Eine knusprige Tarte mit saftigen Früchten und aromatischer Mandelcreme gelingt auch ohne viel Backerfahrung. In diesem Beitrag zeige ich mein bewährtes Amandine-Rezept mit Birnen, erkläre die typische Mandelcreme und gebe konkrete Tipps zu Backzeit, Varianten, Fehlern und Aufbewahrung.
Die wichtigsten Stellschrauben für eine aromatische Tarte
- Crème d’amande besteht aus Butter, Zucker, Ei und gemahlenen Mandeln.
- Für eine 26-cm-Form reichen 35 bis 40 Minuten Backzeit bei 180 °C Ober-/Unterhitze.
- Birnen, Äpfel, Aprikosen und Pflaumen passen besonders gut zur Mandelbasis.
- Die Mandelcreme erst auf den vorgebackenen Mürbeteig streichen, damit der Boden knusprig bleibt.
- Vor dem Anschneiden sollte die Tarte mindestens 30 Minuten abkühlen.

Was Amandine bei Desserts eigentlich bedeutet
„Amandine“ weist in der französischen Küche auf Mandeln als prägendes Aroma hin. Bei Desserts ist damit meist eine Tarte mit süßer Mandelcreme gemeint, häufig ergänzt durch Birnen oder andere Früchte.

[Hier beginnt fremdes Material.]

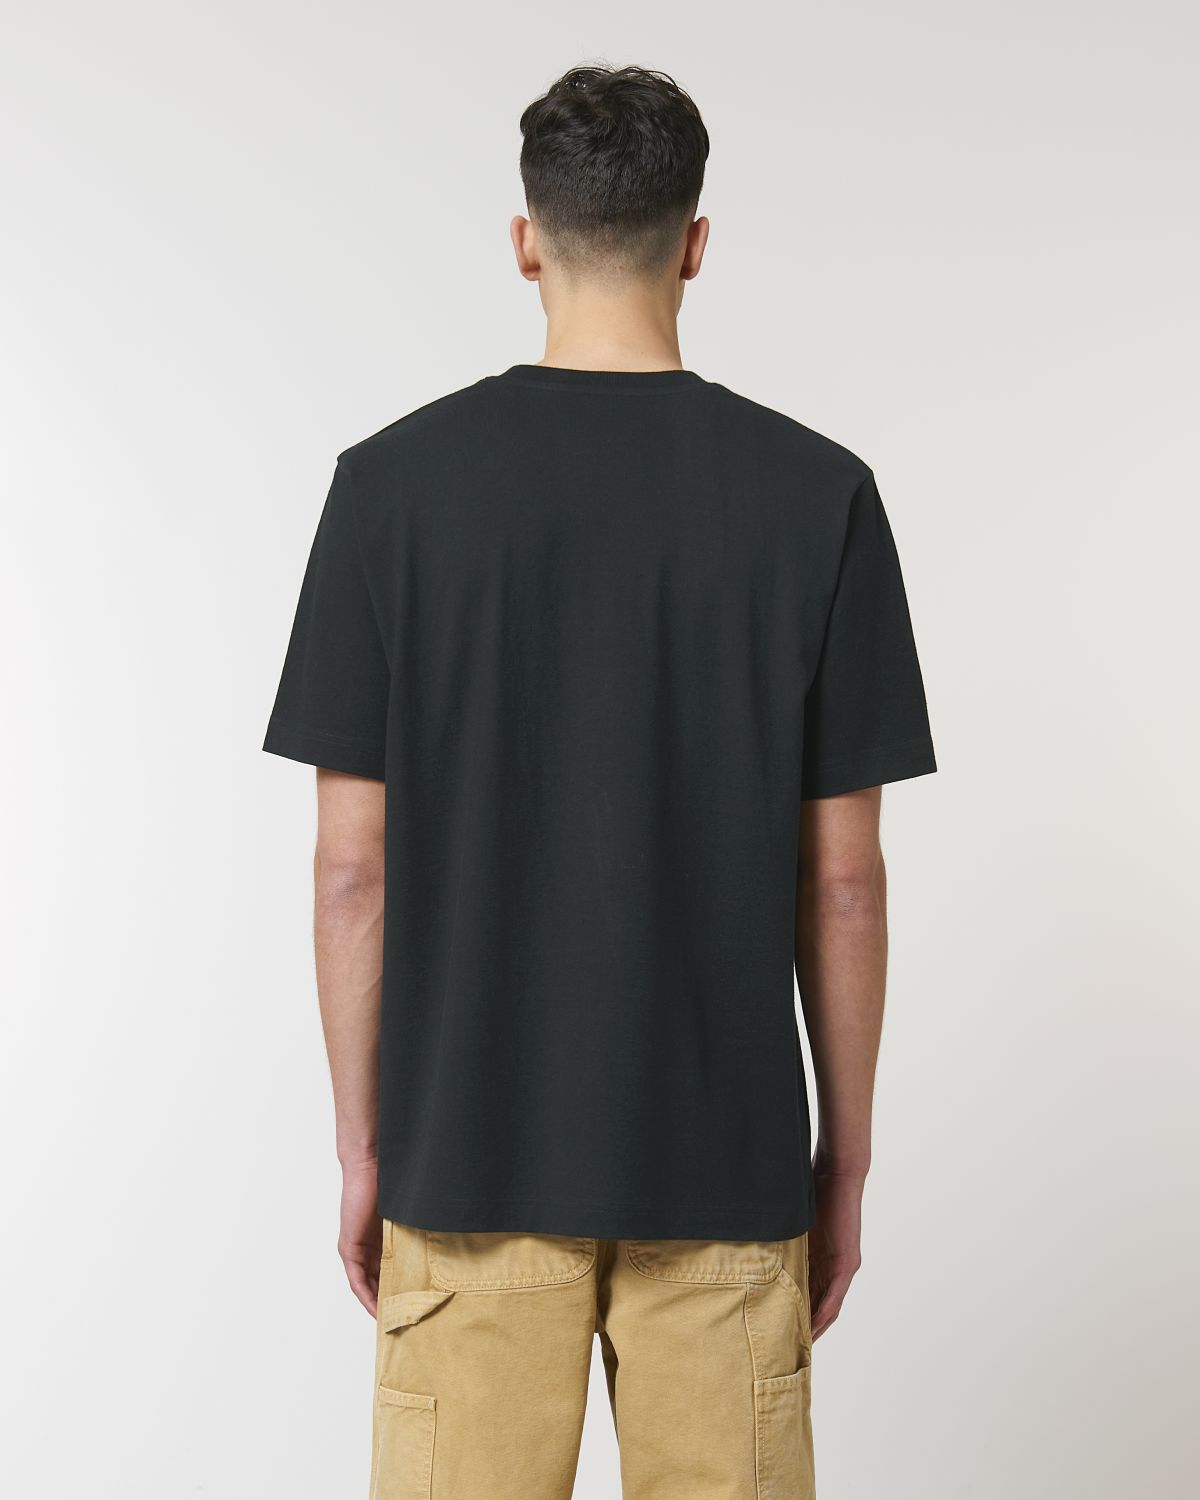 Intouchable T-Shirt Black
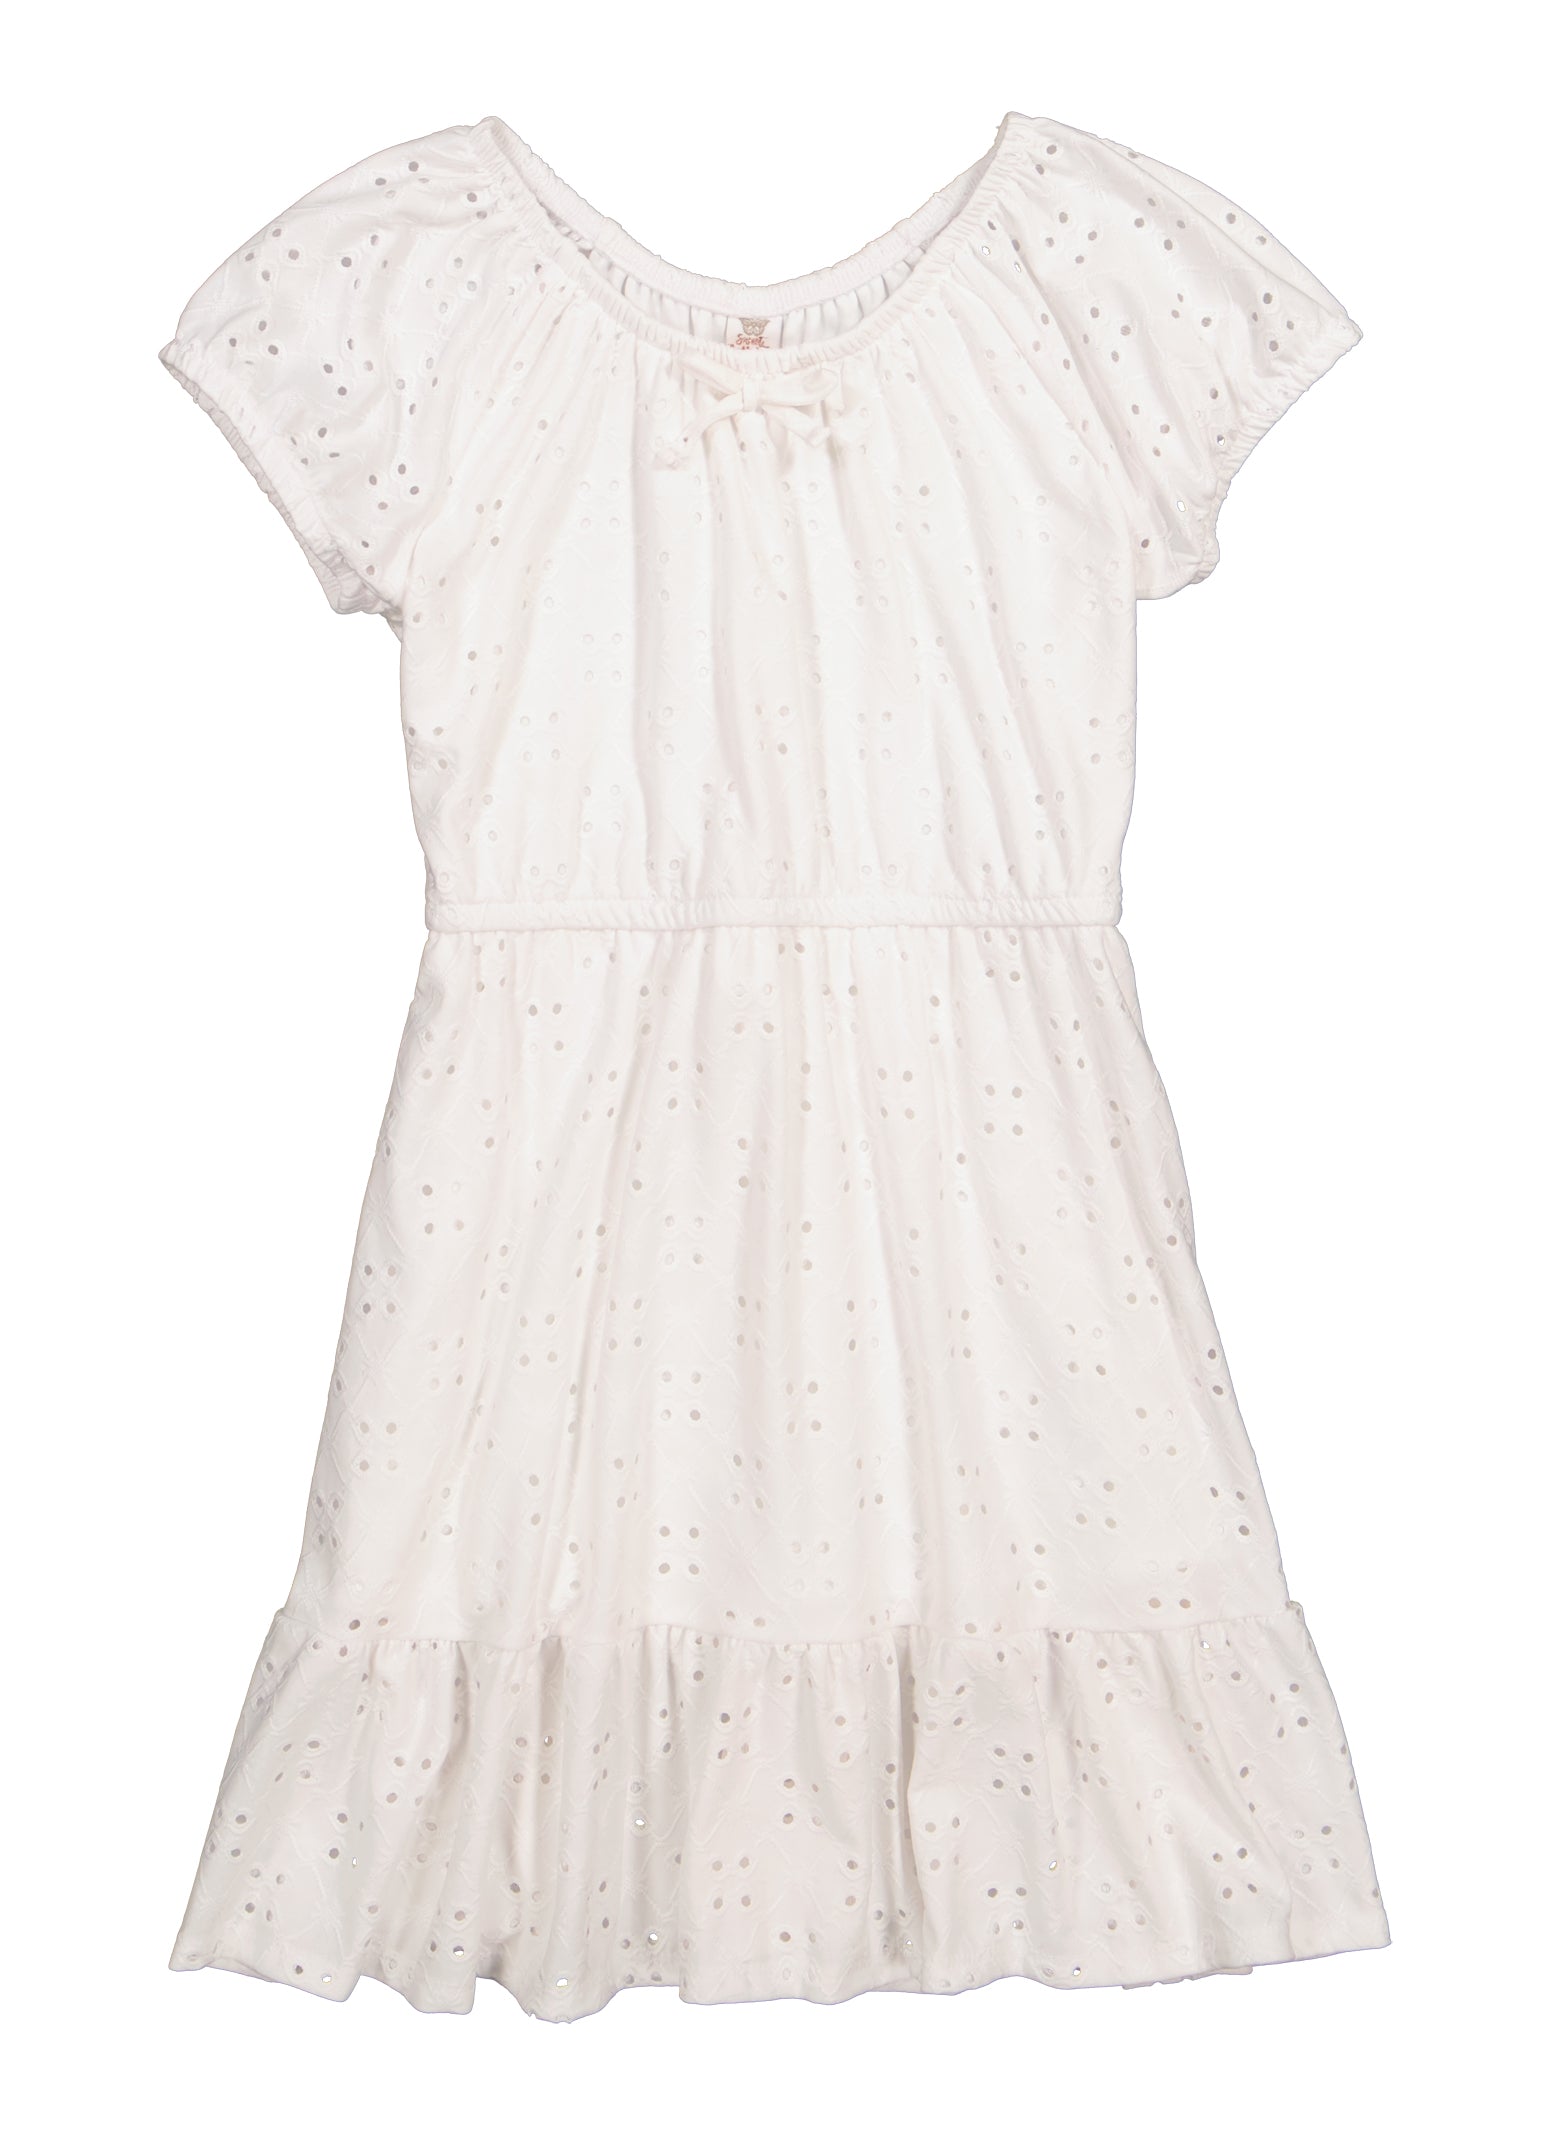 Girls Short Sleeve Eyelet Tiered Dress, White, Size 7-8

Die Bezeichnung beschreibt allerdings kein einziges festgelegtes Rezept. Entscheidend sind die Kombination aus mürbem Boden, buttriger Mandelcreme und saftigem Belag. Genau diese Mischung macht die Tarte so angenehm: Sie schmeckt nussig und reichhaltig, wirkt durch die Früchte aber nicht schwer.
Ich bereite sie am liebsten mit Birnen zu, weil sie beim Backen weich werden, ohne sofort zu zerfallen. Wer es frischer mag, kann etwas Zitronenschale oder einen kleinen Schuss Williams-Christ-Birnenbrand in die Creme geben.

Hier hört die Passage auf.